Biden, Harris inauguration: Final preparations underway

Trump is expected to issue some 100 pardons and commutations for release on Tuesday. Kamala Harris resigned from her senate seat ahead of Wednesday.

THEN-CANDIDATES Joe Biden and Kamala Harris campaign for president and vice president in Wilmington, Delaware, in August.  (photo credit: KEVIN LAMARQUE/REUTERS)
THEN-CANDIDATES Joe Biden and Kamala Harris campaign for president and vice president in Wilmington, Delaware, in August.
(photo credit: KEVIN LAMARQUE/REUTERS)
WASHINGTON – The final preparations for President-elect Joe Biden and Vice President-elect Kamala Harris’s inauguration are underway. Biden is expected to take the oath of office and become the 46 president of the US on Wednesday at local noontime.
Harris is set to become the 49th vice president. She will be the first woman to ever hold the position. Harris, who served as a California senator, officially resigned from the Senate on Monday ahead of Wednesday’s ceremony.

Harris penned an op-ed in the San Francisco Chronicle and addressed one of her most significant roles as vice president.
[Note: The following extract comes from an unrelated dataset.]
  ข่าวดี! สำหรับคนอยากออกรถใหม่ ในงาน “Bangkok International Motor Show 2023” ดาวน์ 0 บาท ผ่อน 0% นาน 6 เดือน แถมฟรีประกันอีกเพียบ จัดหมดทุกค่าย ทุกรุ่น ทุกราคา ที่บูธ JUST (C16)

As each party will hold 50 seats starting Wednesday, she could cast tie-breaking votes as the vice president.
“Since our nation’s founding, only 268 tie-breaking votes have been cast by a Vice President,” Harris wrote. “I intend to work tirelessly as your Vice President, including, if necessary, fulfilling this Constitutional duty.”
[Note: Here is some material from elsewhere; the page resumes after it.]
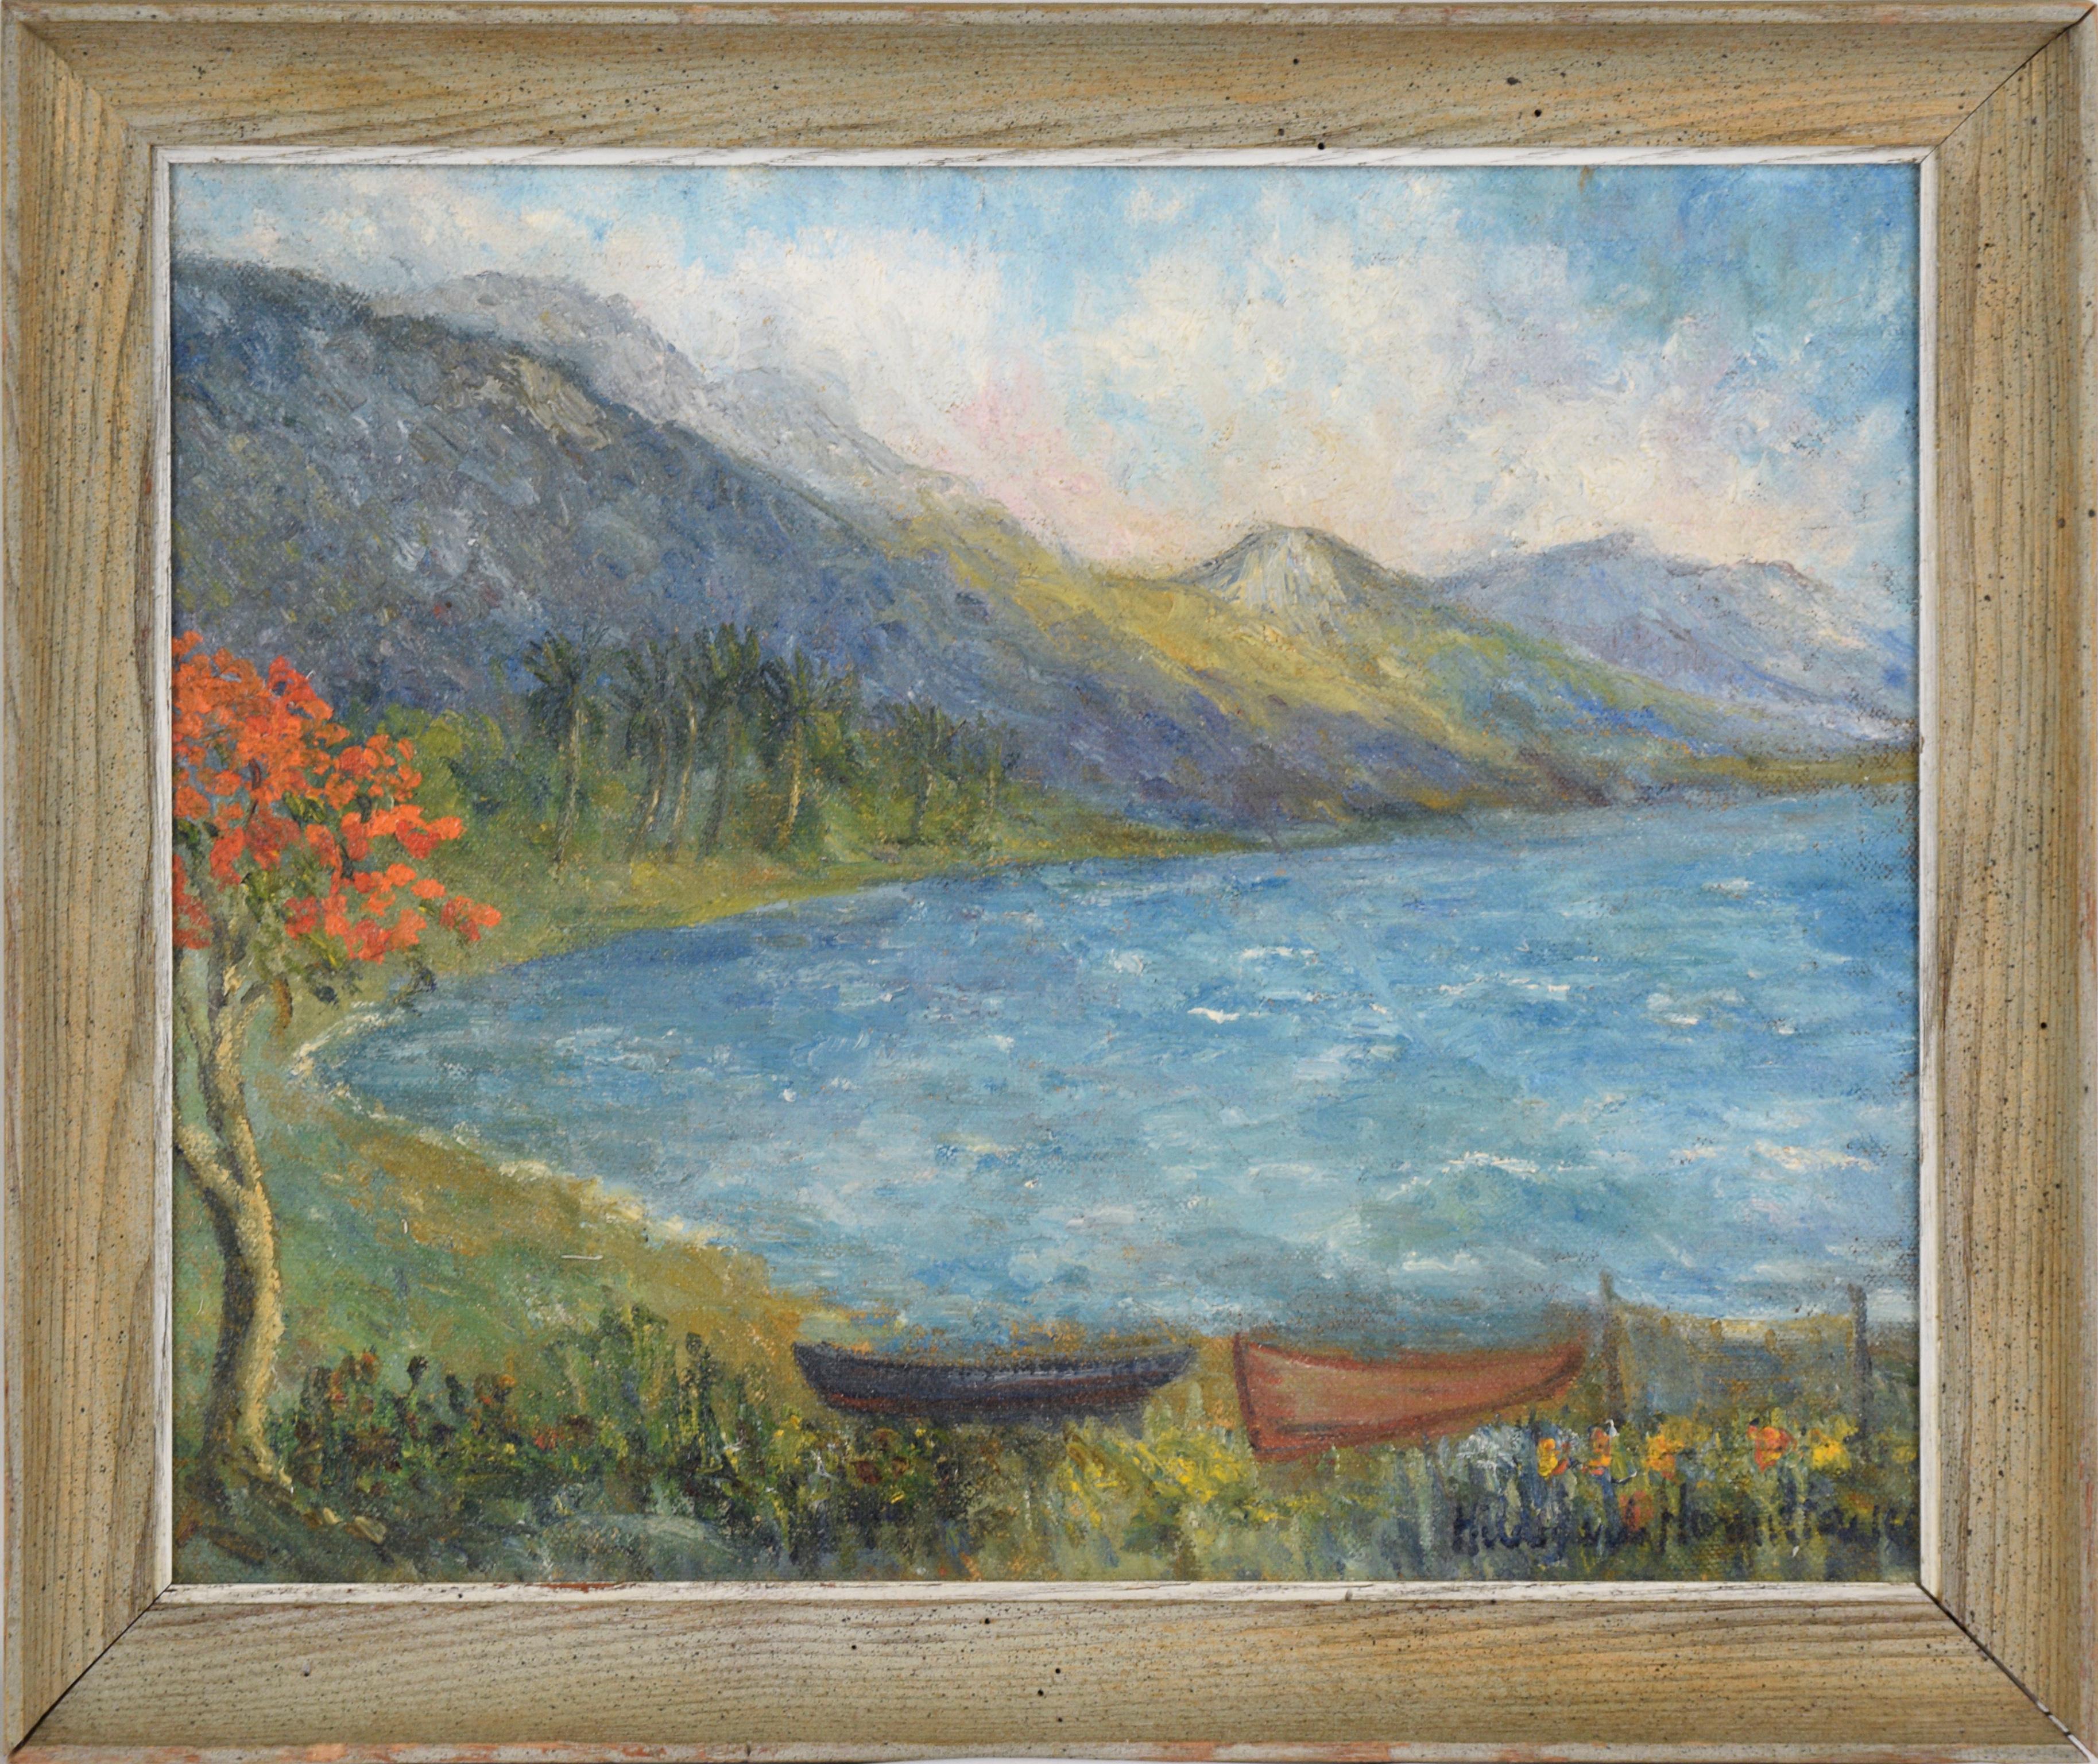 Landscape Painting Hildegarde Hamilton - Mountains et bateaux de l'île des mers et de la côte, paysage du milieu du XXe siècle

“At the same time, it is my hope that rather than come to the point of a tie, the Senate will instead find common ground and do the work of the American people,” she added.
Biden is expected to issue a series of executive orders on his first day in office. Among his priorities are rejoining the Paris climate accords, a mask mandate on federal property and a $1.9 trillion stimulus package. He also promised to ramp up vaccination efforts, administrating as many as 100 million vaccines in his first 100 days in office.
The Presidential Inaugural Committee (PIC) announced “a nationwide COVID-19 memorial to honor the nearly 400,000 lives lost in the United States to this pandemic.”
“The memorial will feature the lighting around the reflecting pool at the Lincoln Memorial Reflecting Pool, and hundreds of towns, cities, tribes, landmarks, and communities all across the country have committed to joining the tribute in a national moment of unity at 5:30 p.m. on Tuesday, January 19,” the committee said in a statement. “Iconic buildings like the Empire State Building in New York, NY, to the Space Needle in Seattle, WA, will be illuminated.”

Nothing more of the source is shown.